• Records to process
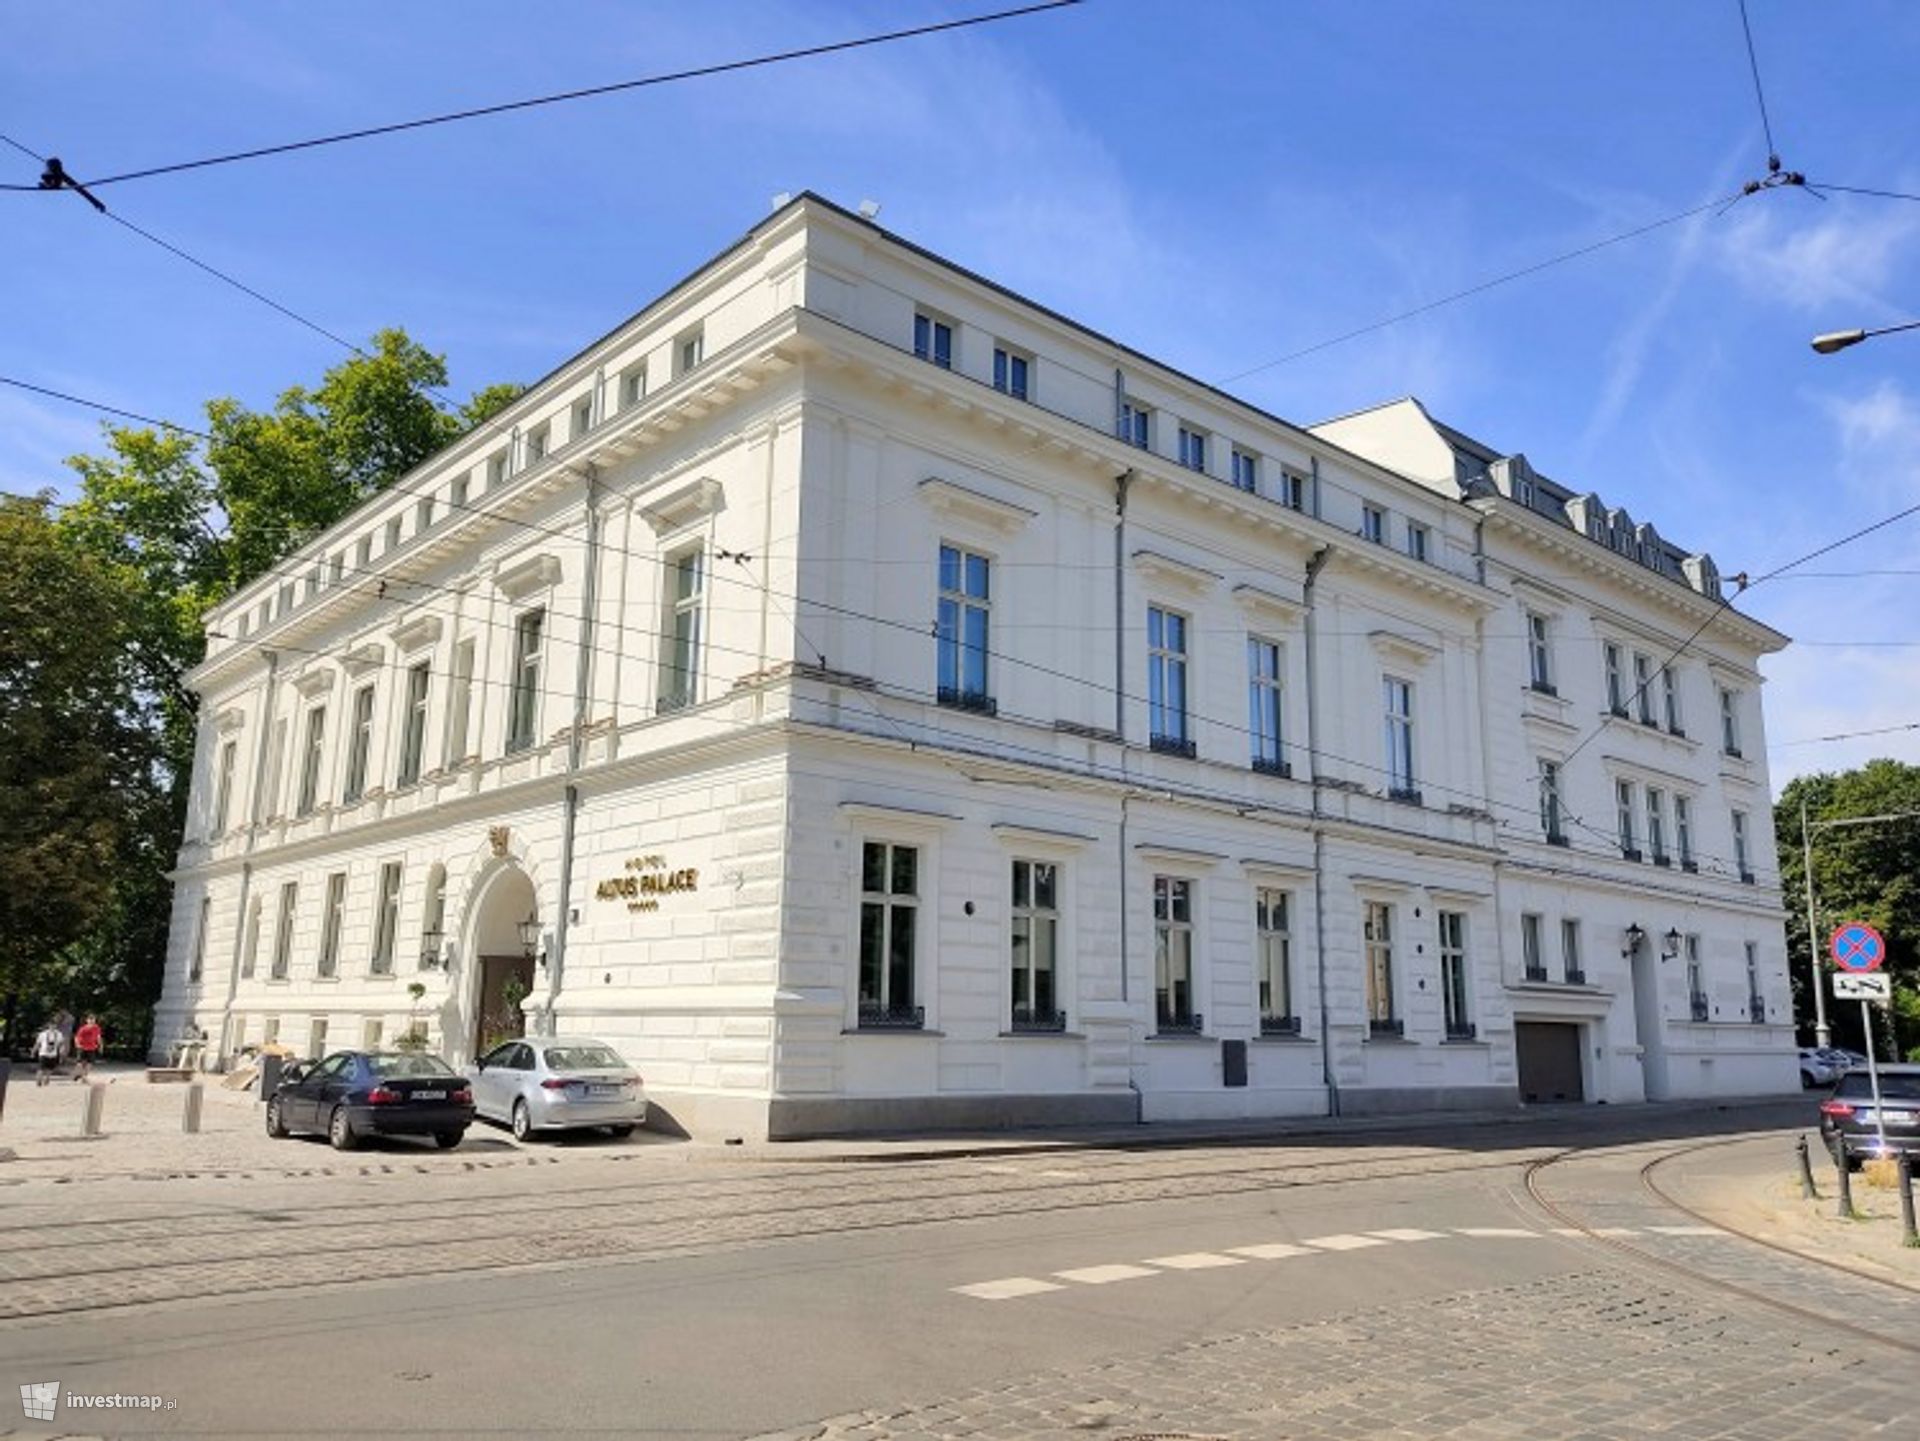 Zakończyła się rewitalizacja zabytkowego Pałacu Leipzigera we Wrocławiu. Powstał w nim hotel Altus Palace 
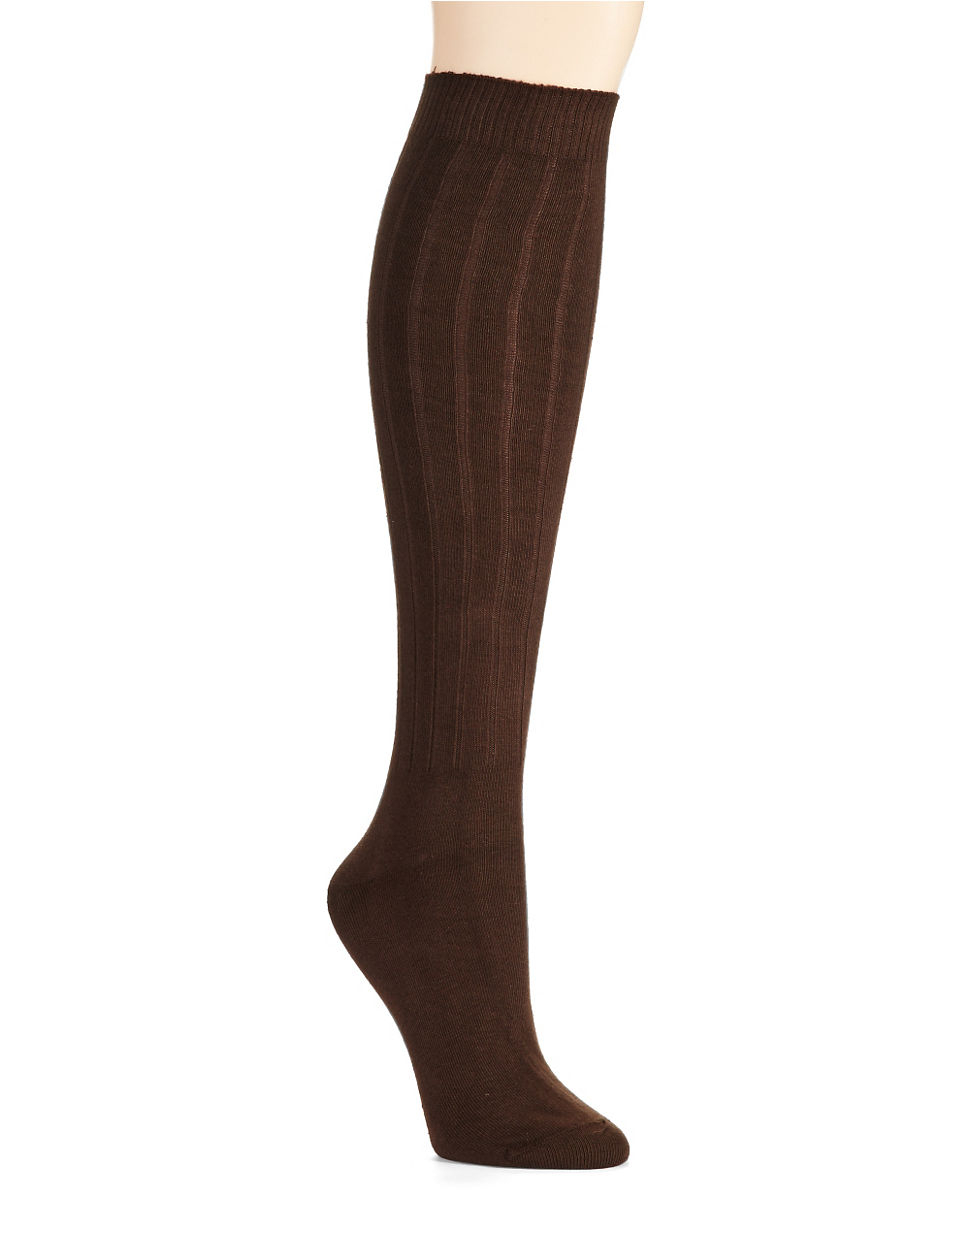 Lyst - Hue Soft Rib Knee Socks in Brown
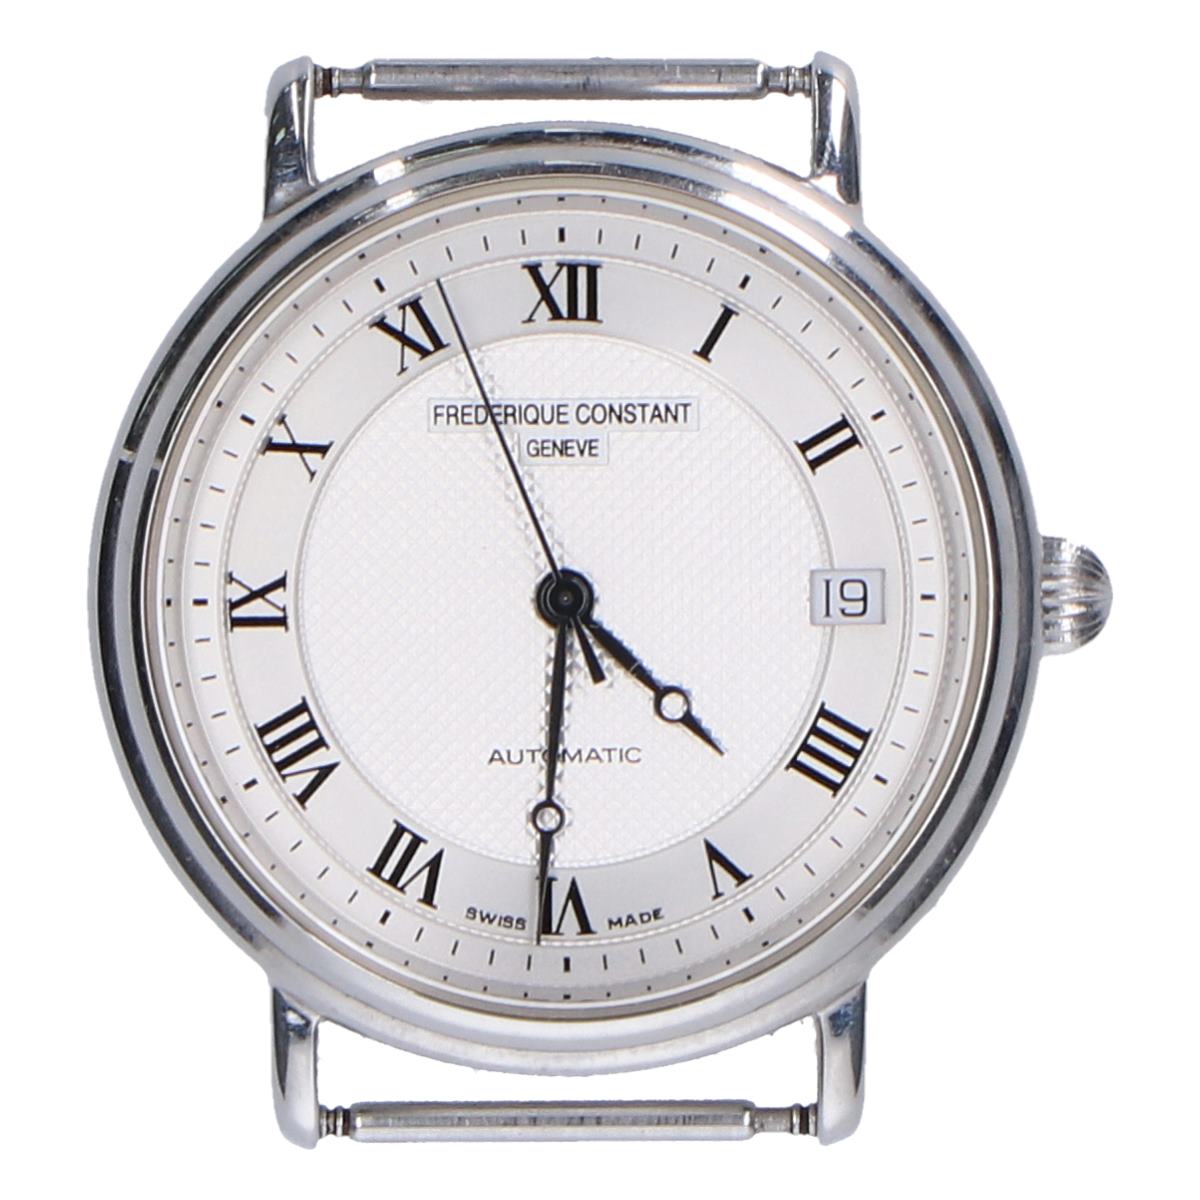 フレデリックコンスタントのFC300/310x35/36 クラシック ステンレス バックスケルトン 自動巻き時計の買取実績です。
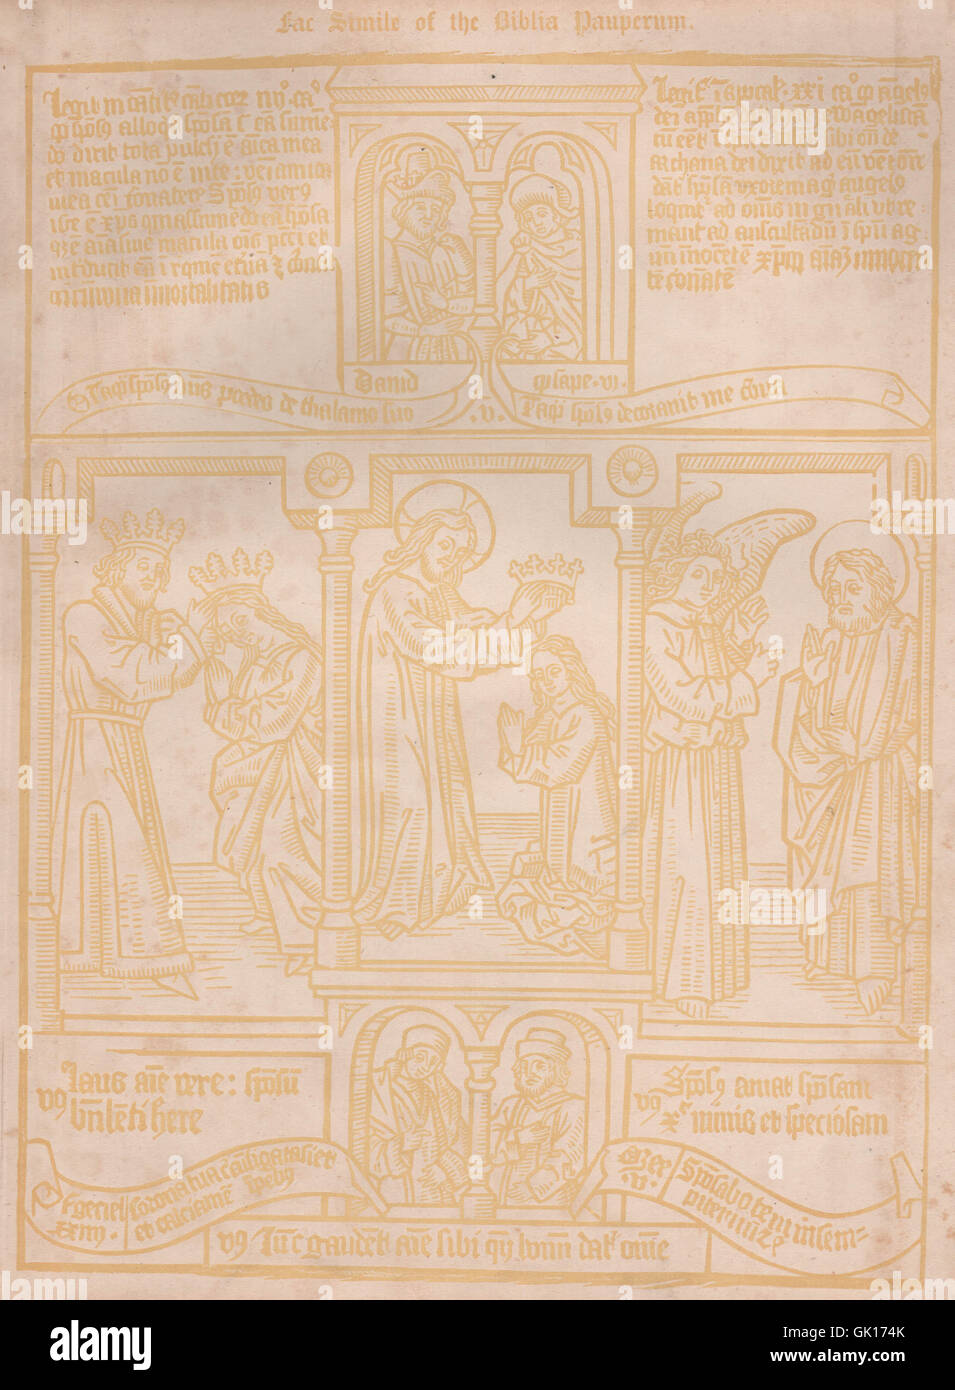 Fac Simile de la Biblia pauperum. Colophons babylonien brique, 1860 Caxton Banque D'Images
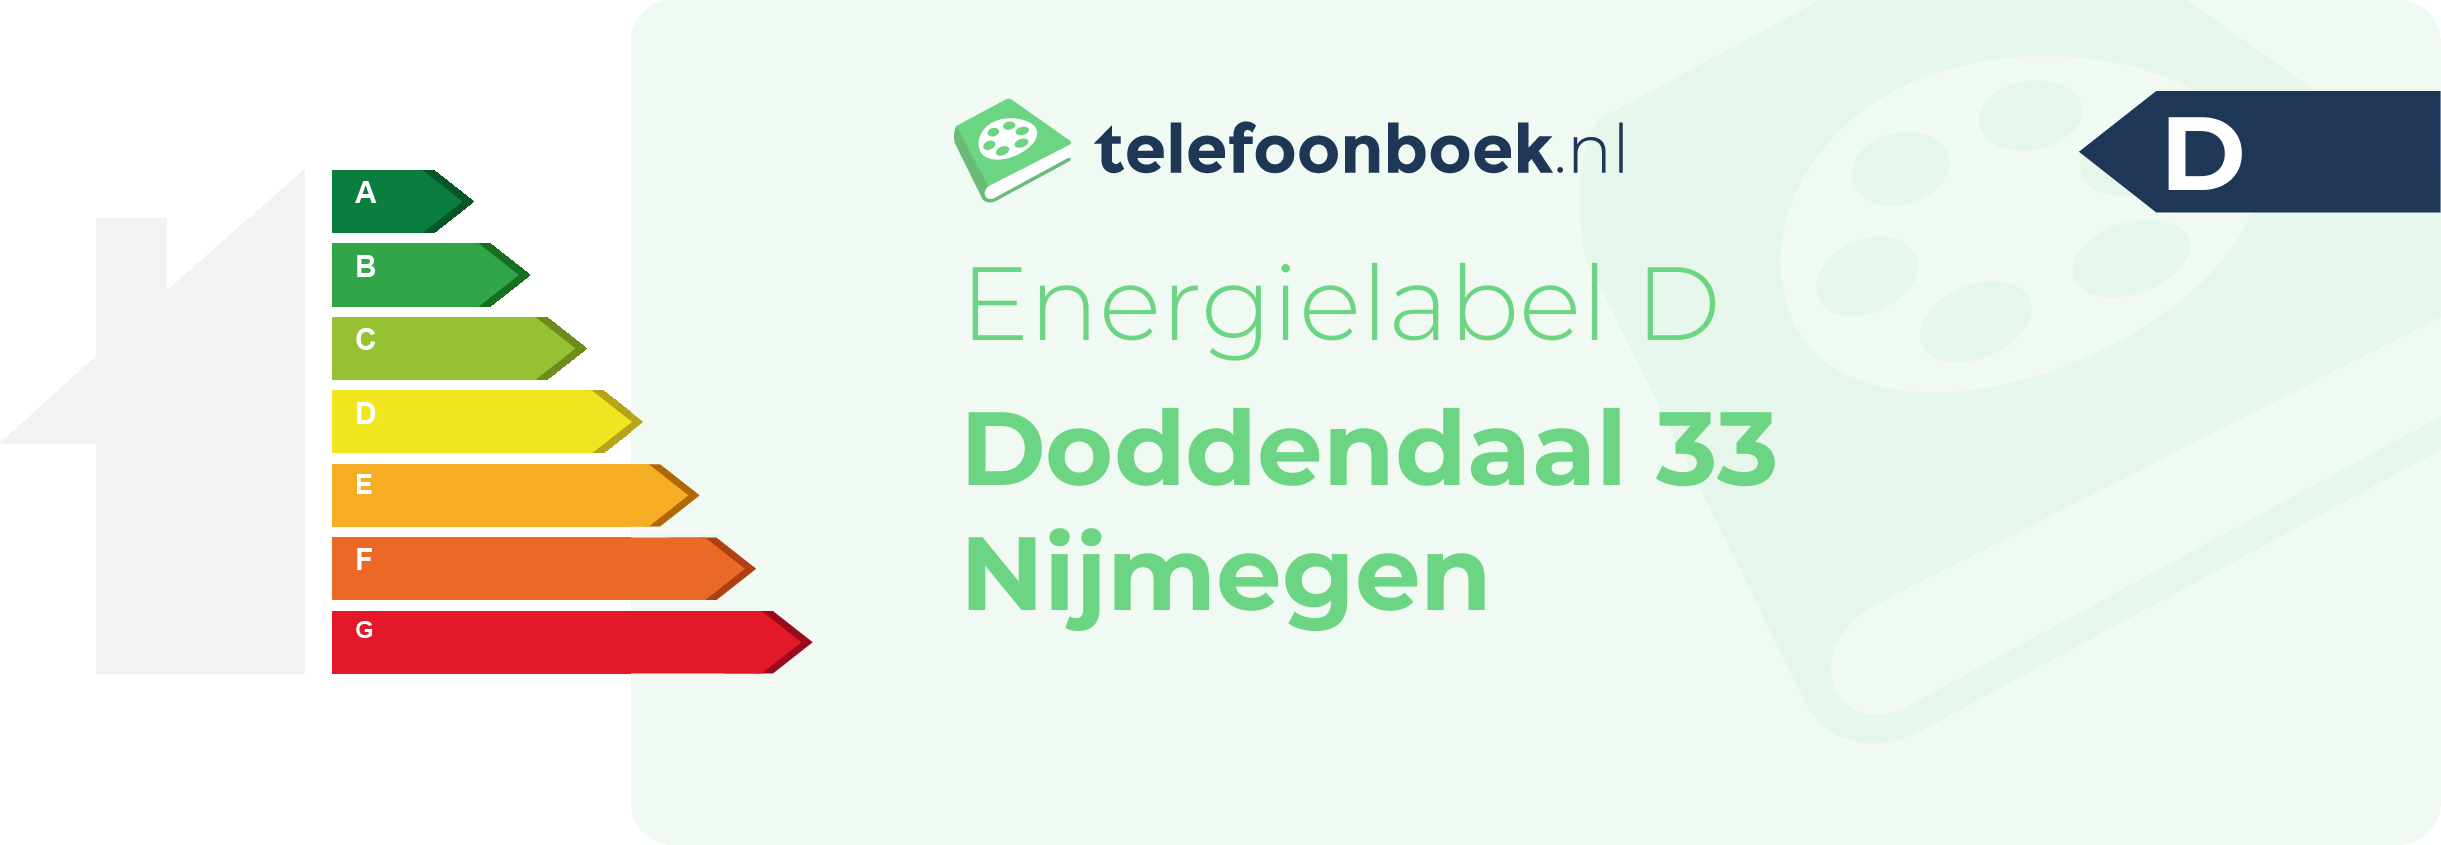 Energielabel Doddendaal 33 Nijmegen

• Exercise objective
Starting at the line that holds "Lyst - Hue Soft Rib Knee Socks in Brown", repeat every line through the end of the listing exactly as written, skipping any picture.

• Reply
 Lyst - Hue Soft Rib Knee Socks in Brown
 フレデリックコンスタントのFC300/310x35/36 クラシック ステンレス バックスケルトン 自動巻き時計の買取実績です。
 Fac Simile de la Biblia pauperum. Colophons babylonien brique, 1860 Caxton Banque D'Images
 Energielabel Doddendaal 33 Nijmegen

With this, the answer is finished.